I have masssssttttteeeeerrrreeeedddd the hula hoop thank god. 20 minutes a day has been a killer.

I have become obsessed with RuPauls drag race I cannot stop watching it. Its my new fave programme.

Today I had a roast and I’m a bit worried about my weigh in tomorrow, hopefully I will have lost.

Even after a week I feel better and stronger and mentally I feel a lot better. A lot more relaxed.

Days 4 & 5 – a little slip in the road

Yesterday I’m ashamed to say was my first slip in the road. I didn’t do my Pilates and I didn’t write this blog. I’m also ashamed to say it’s because I was attempting to learn how to make sushi.

This morning I woke up, brushed myself off and completed two days worth of Pilates in one day (I’m going to feel this tomorrow) and finished making my Christmas pudding.

I’m on the bus on the way to see Aladdin, I’m so excited. I’ll let you know how it is 😊

Day 3 – just keep swimming

Today I woke up very sore after my 2nd day of blogilates and my attempt to master the weighted hula hoop. (Still terrible) even after 3 days I do feel stronger, let’s hope it keeps up. My backs still hurting as always but I’m hoping by building the muscle in my back the pain will lessen. I had chicken Chinese chicken, Chinese Broccoli with Garlic and egg fried rice made with 1 cal spray for dinner, picture inserted. It was really nice.

Jess

Day 2 – Perseverance is failing 19 times and succeeding the 20th

Today I attempted to learn how to use my weighted hula hoop, so say I failed would be an understatement.
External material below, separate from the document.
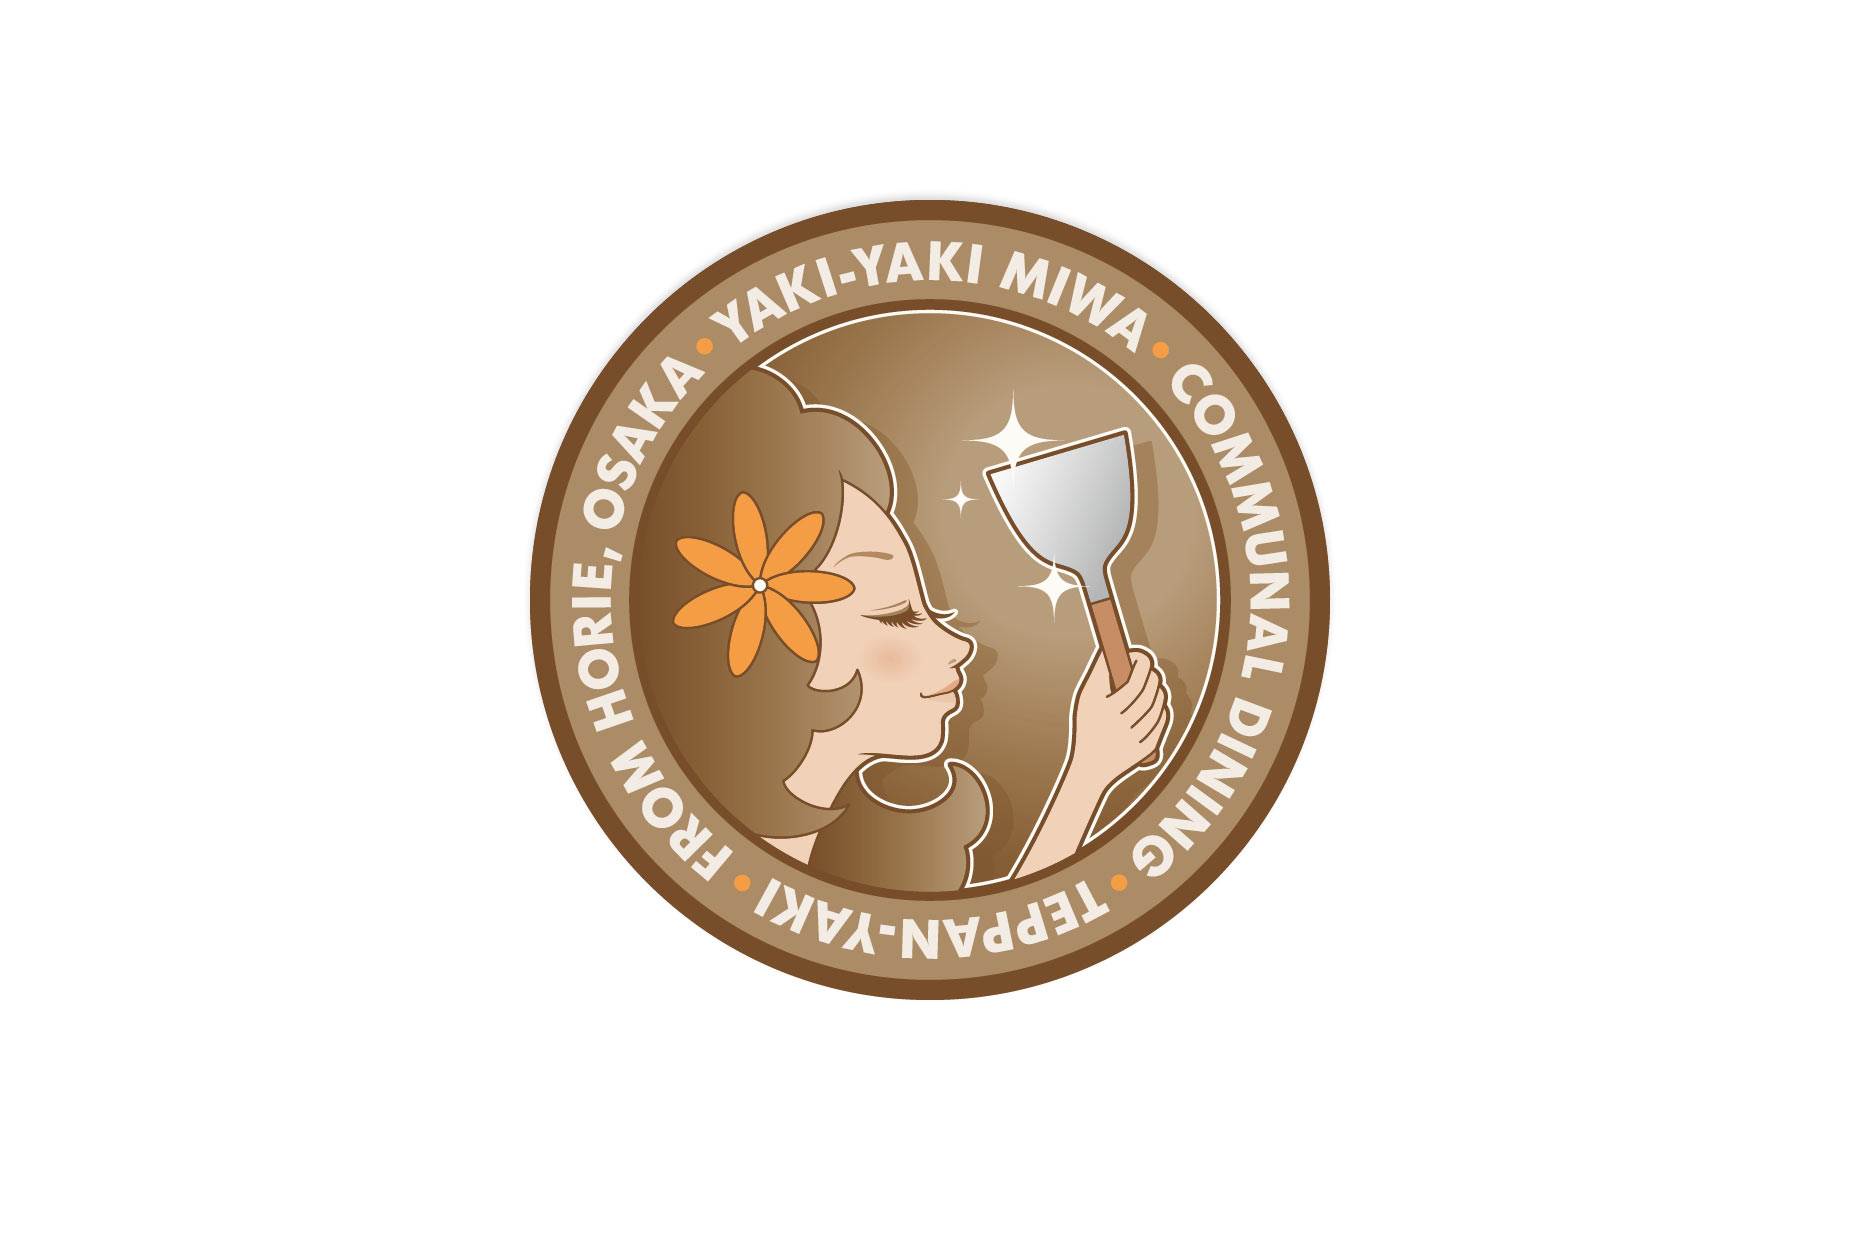 Yaki-yaki Miwa logo

I was terrible I couldn’t keep it off the ground for more than 10 seconds but I will persevere and keep trying.

I’m feeling a bit sore this morning due to the first day of blogilates and going swimming last night but even after 1 day I feel stronger and healthier.
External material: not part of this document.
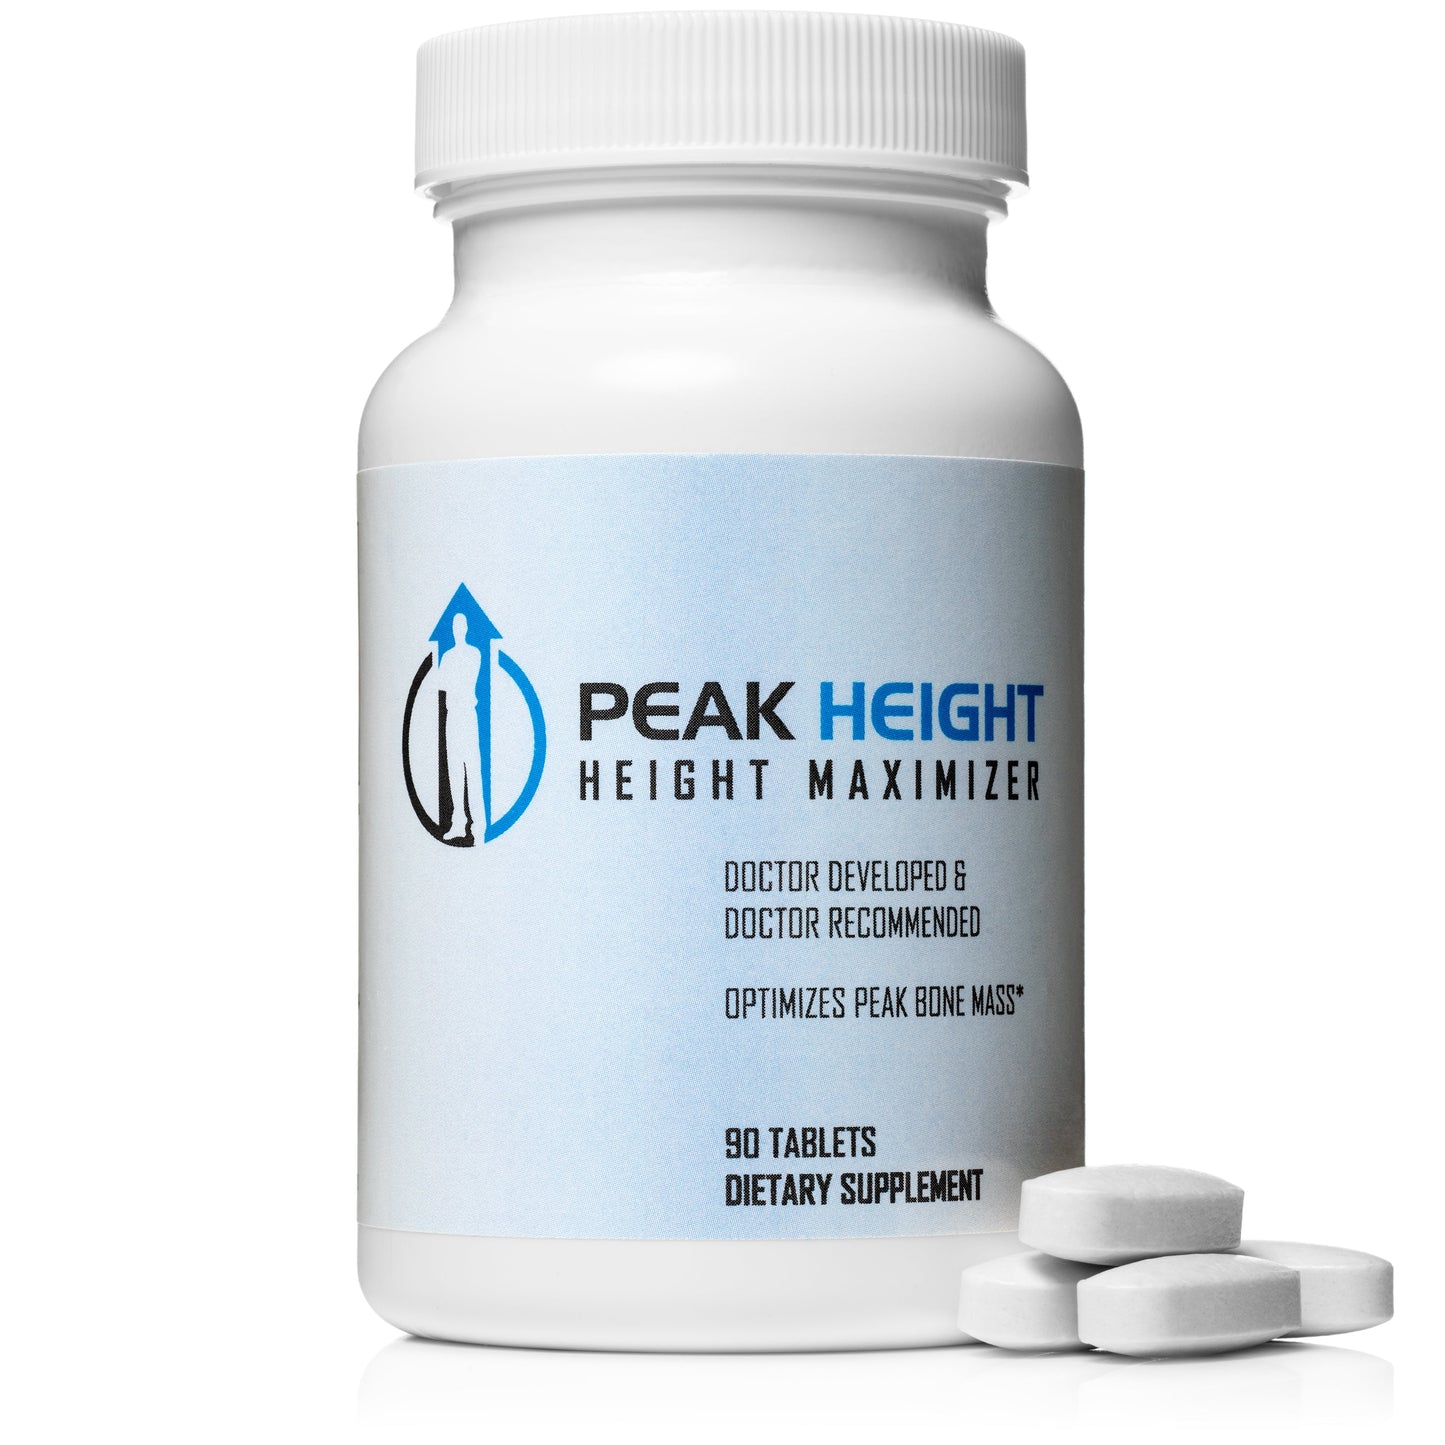 Peak Height Growth Supplement #1 Grow Taller Height Pill

The Randang curry was amazing a must try. Was meant to take a photo but we’d gobbled it up before I remembered. Find the recipe here: https://www.goodfood.com.au/recipes/beef-rendang-20111018-29uab

Tomorrow I need to make this Christmas pudding, nigellas best. Will upload a photo of the progress.

Jessica Smith

Day 1 – Setting goals is the first step in turning the invisible in the visible

Welcome to my first daily blog and the first day of my month to try and change my life. In the wise words of Sheryl Crow ‘The first cut is the deepest’ and today was hard. As usual I woke up feeling just as tired and demotivated as when I went to sleep. I dragged my body out of bed at 9AM and I looked in the mirror and said ‘pull yourself together Jess’ because I know in my heart of hearts if I’m going to beat this I need an attitude change. Fibromyalgia has affected me in a lot of ways both Physically and Mentally. I am like a lot of other sufferers in a lot of pain across my back and my neck. I have over the last couple of years since my diagnosis become lazy, fat and demotivated and it frustrates me enormously. I am 22 years old and I know I shouldn’t feel like this. I’m taking this experience 1 step at a time and hope in a months time my outlook will have changed.
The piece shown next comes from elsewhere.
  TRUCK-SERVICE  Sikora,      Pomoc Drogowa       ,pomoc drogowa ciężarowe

Today is the first day of my sick leave. I’ve used it to set myself some goals and to try and work out how I’m going to use the next month most effectively.

Goals and how I’m going to achieve them:

  1.  Lose some weight (see attached Jess’s fat chart). a184af5b-a246-4945-8cd2-df6dedd69822 To do this I will change my diet to cut out condiments (I love sauces) and as much saturated fat (Oil/ Fats and Sweets) as possible. I don’t think cutting these out completely is healthy or sustainable so I emphasise the ‘cutting down’. I will be weighing myself weekly and will keep this page updated in my progress.
  2. Get fitter and healthier. To do this I have started Blogilates 1 month plan and will let you know how I’m getting on.
  3. Stretch and strengthen my back daily and alleviate the pain. I have seen quite a few YouTube videos taking you through step by step on a number of stretches. Again I’ll let you know what I think.
  4.  To feel happier in myself. To do this I need to push through the mental barrier that the condition has made me put up and challenge myself to think differently. Like I can do anything I put my mind to.

So that’s me signing off for today. I’m making Rick Steins Randang curry for dinner in my slow cooker, I’m very excited. Will share a picture tomorrow.